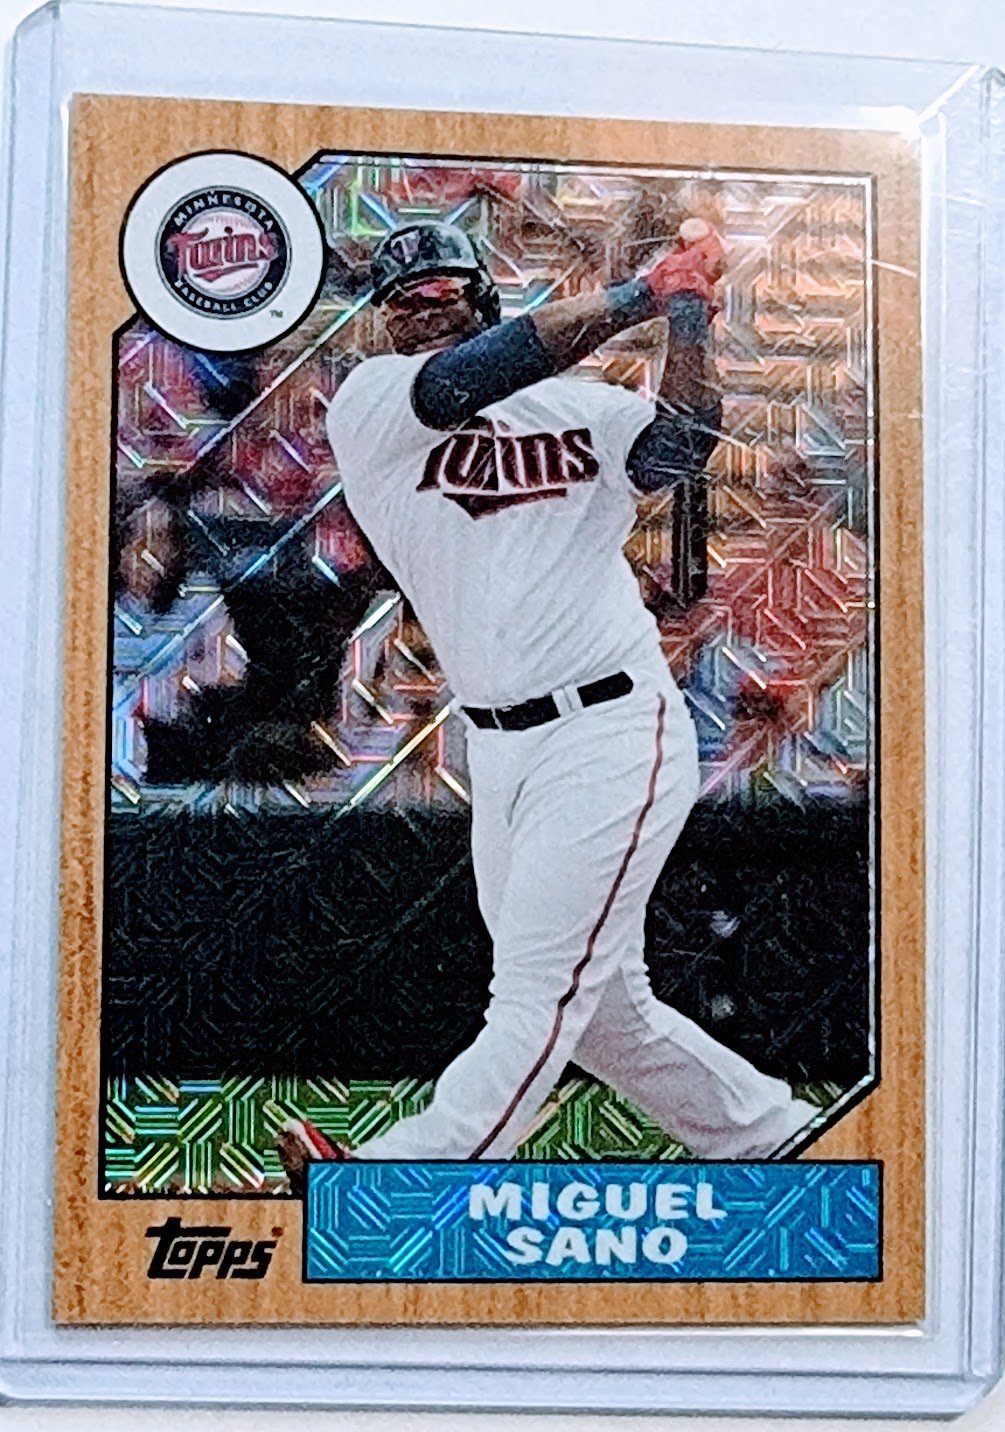 2017 Topps Miguel Sano Mojo Silver Pack Refractor Baseball Card TPTV simple Xclusive Collectibles   
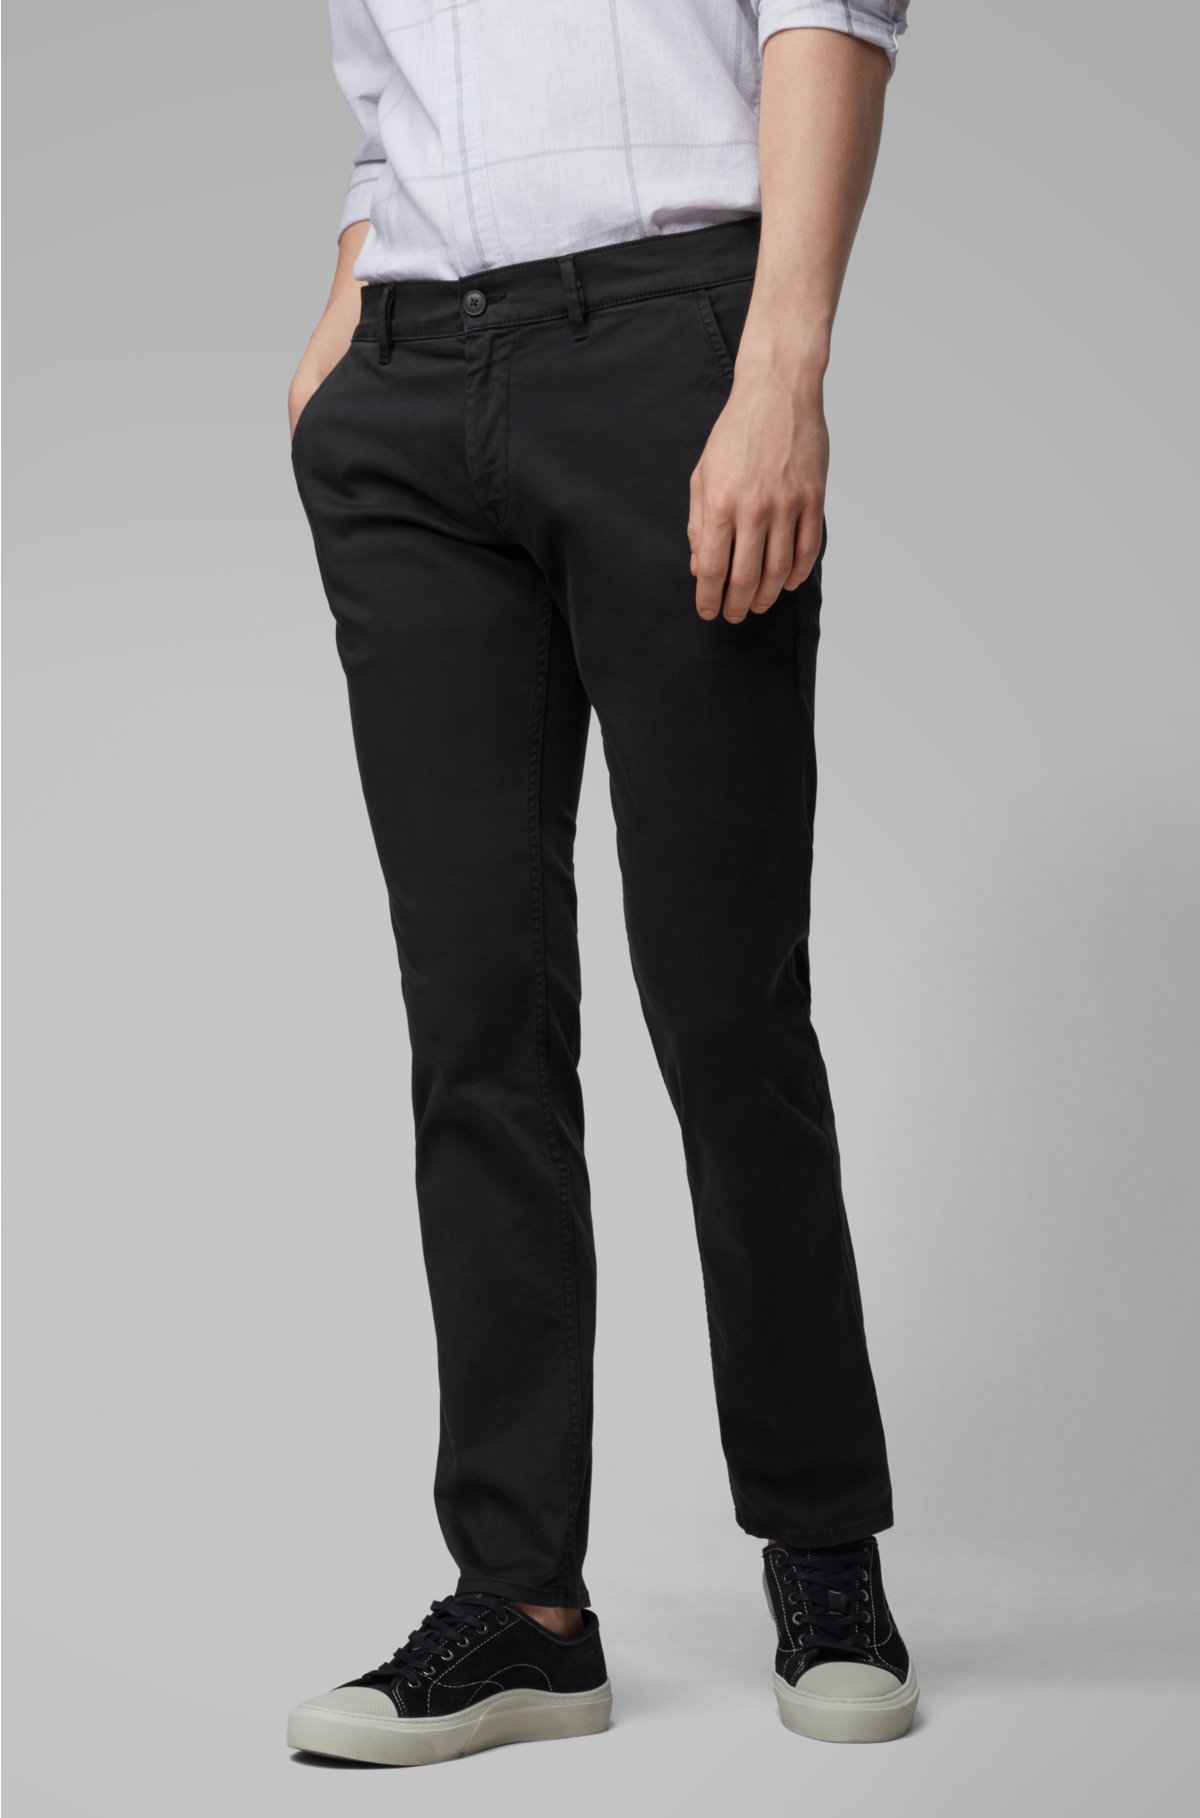 Forekomme Perversion Bevidst BOSS - Slim-fit casual chinos in brushed stretch cotton
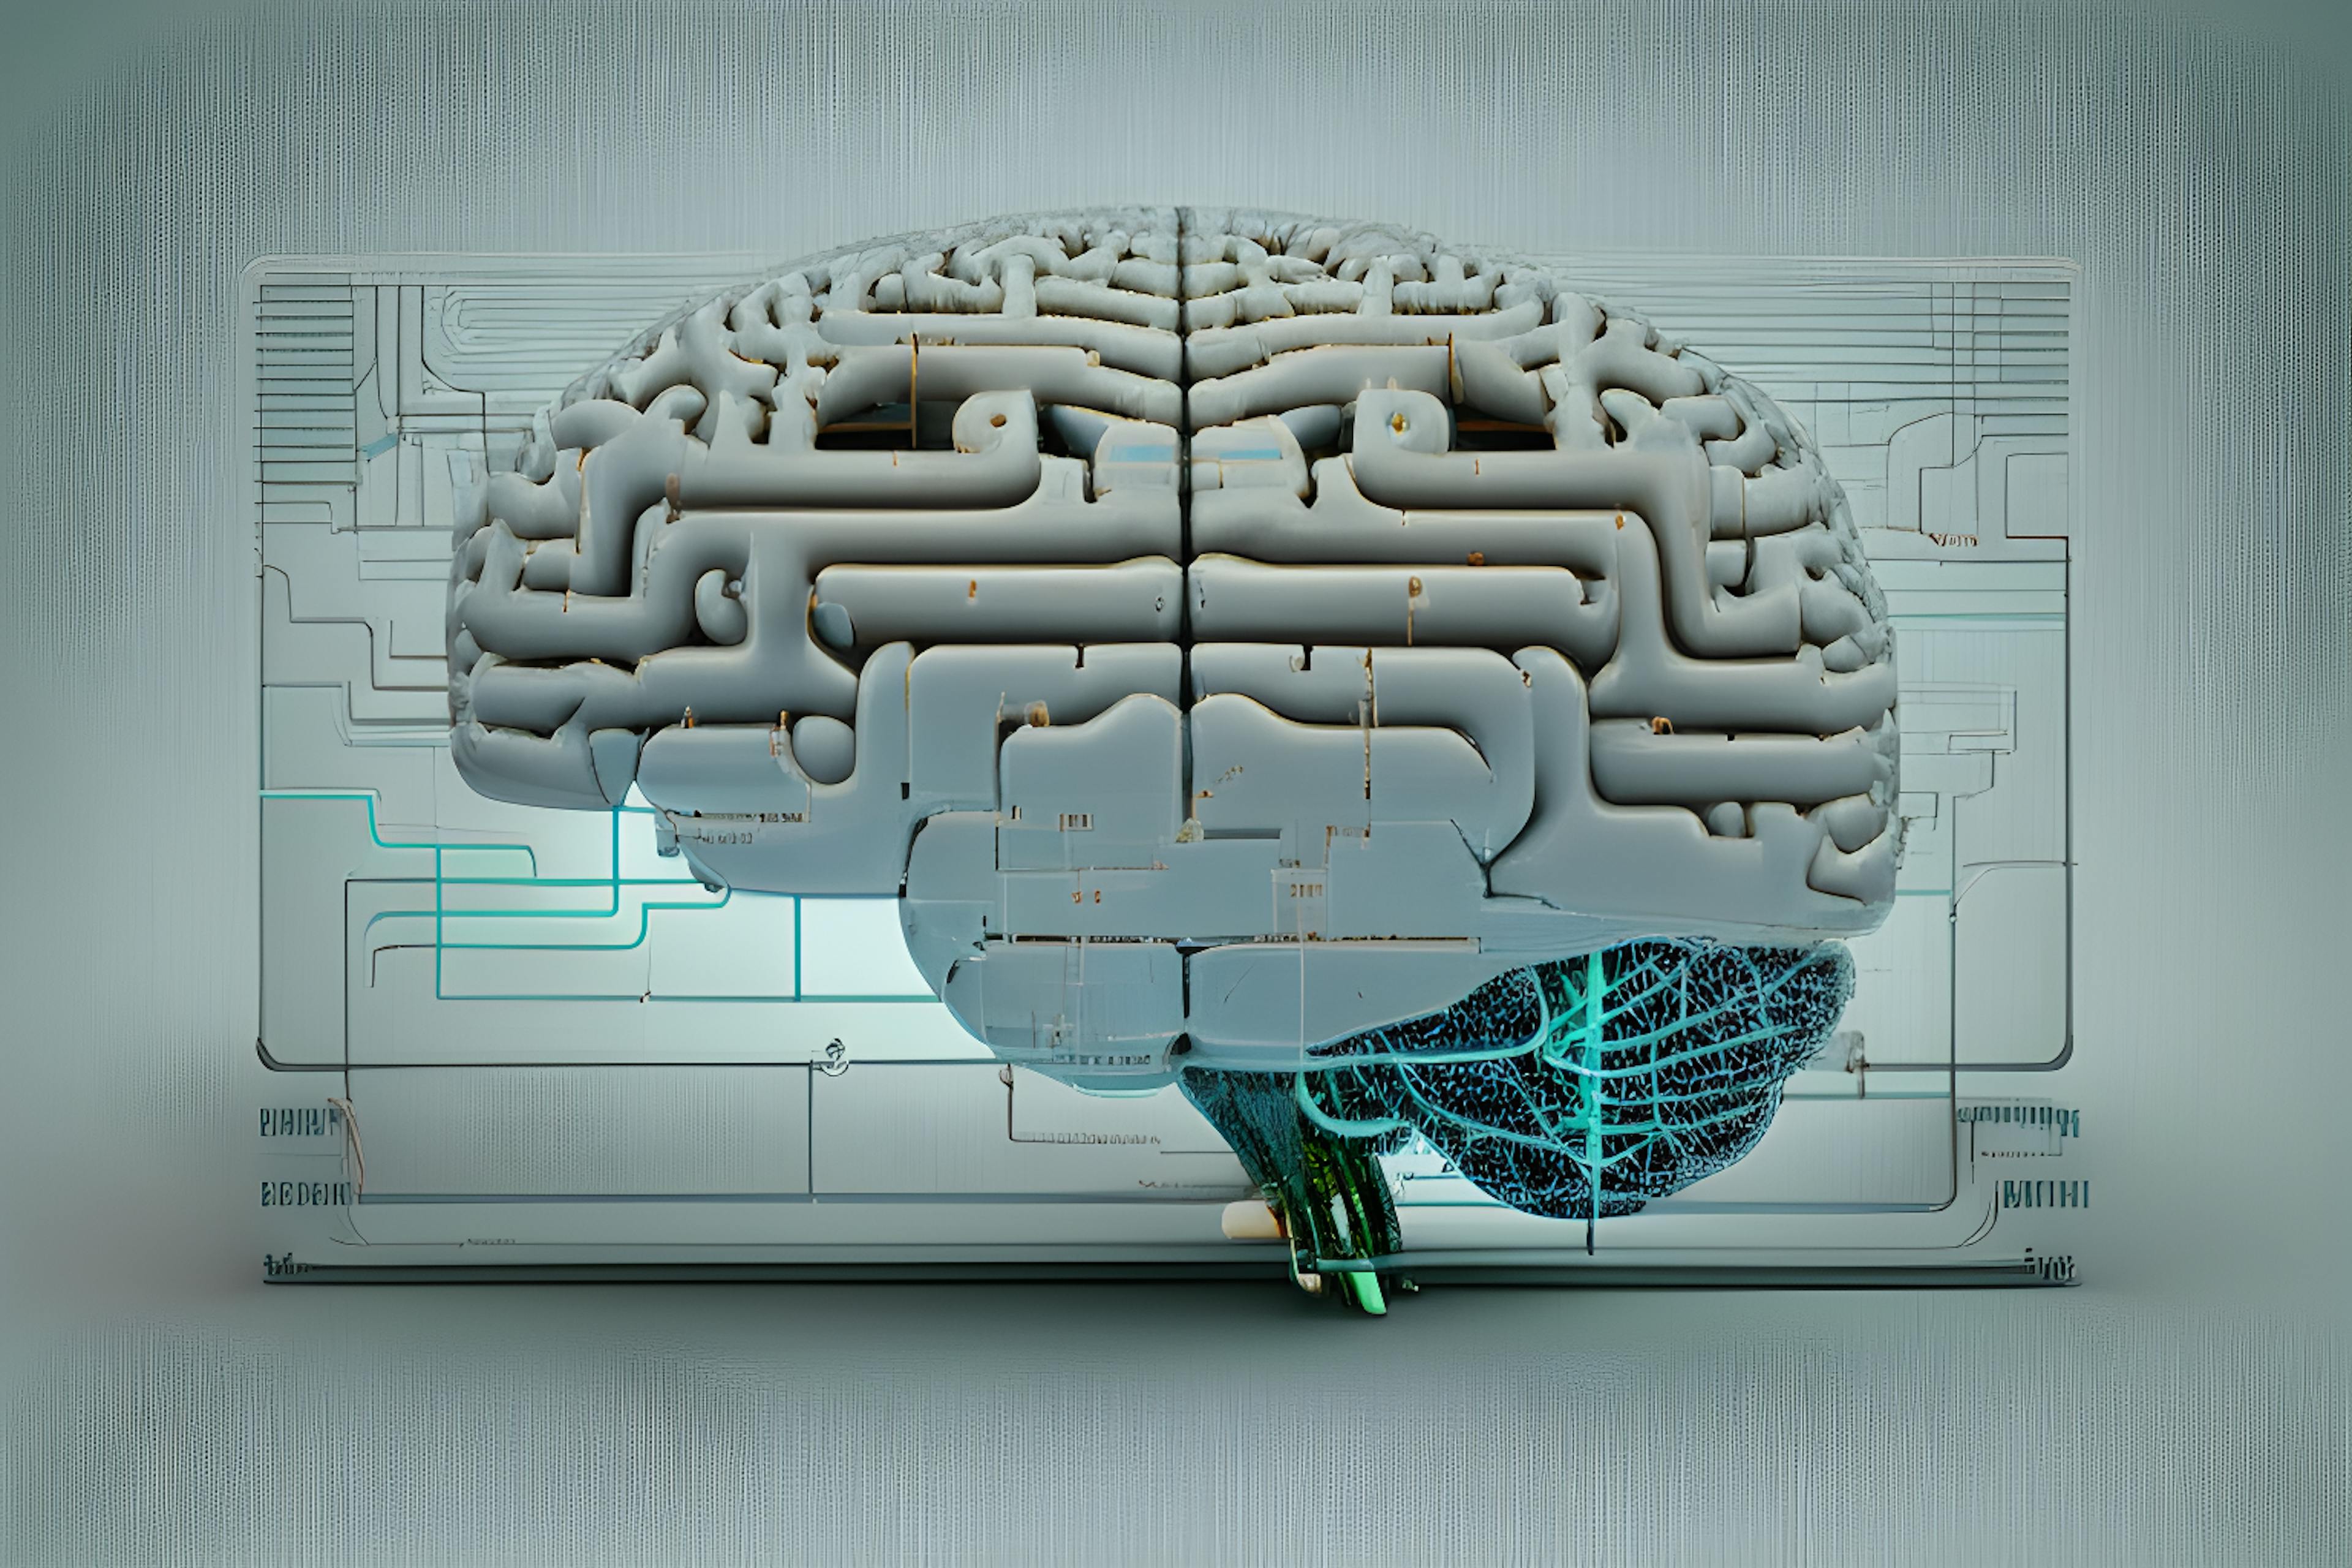 featured image - Neuralink Takes on Human Brains: 28% of Users Express Ethical Concerns

▶ [PROBLEM]: The answer must consist solely of the lines from the line containing "Forekomme Perversion Bevidst" to the end of the data, reproduced exactly, with every picture left out.

▶ [SOLUTION BELOW]:
 Forekomme Perversion Bevidst BOSS - Slim-fit casual chinos in brushed stretch cotton
 featured image - Neuralink Takes on Human Brains: 28% of Users Express Ethical Concerns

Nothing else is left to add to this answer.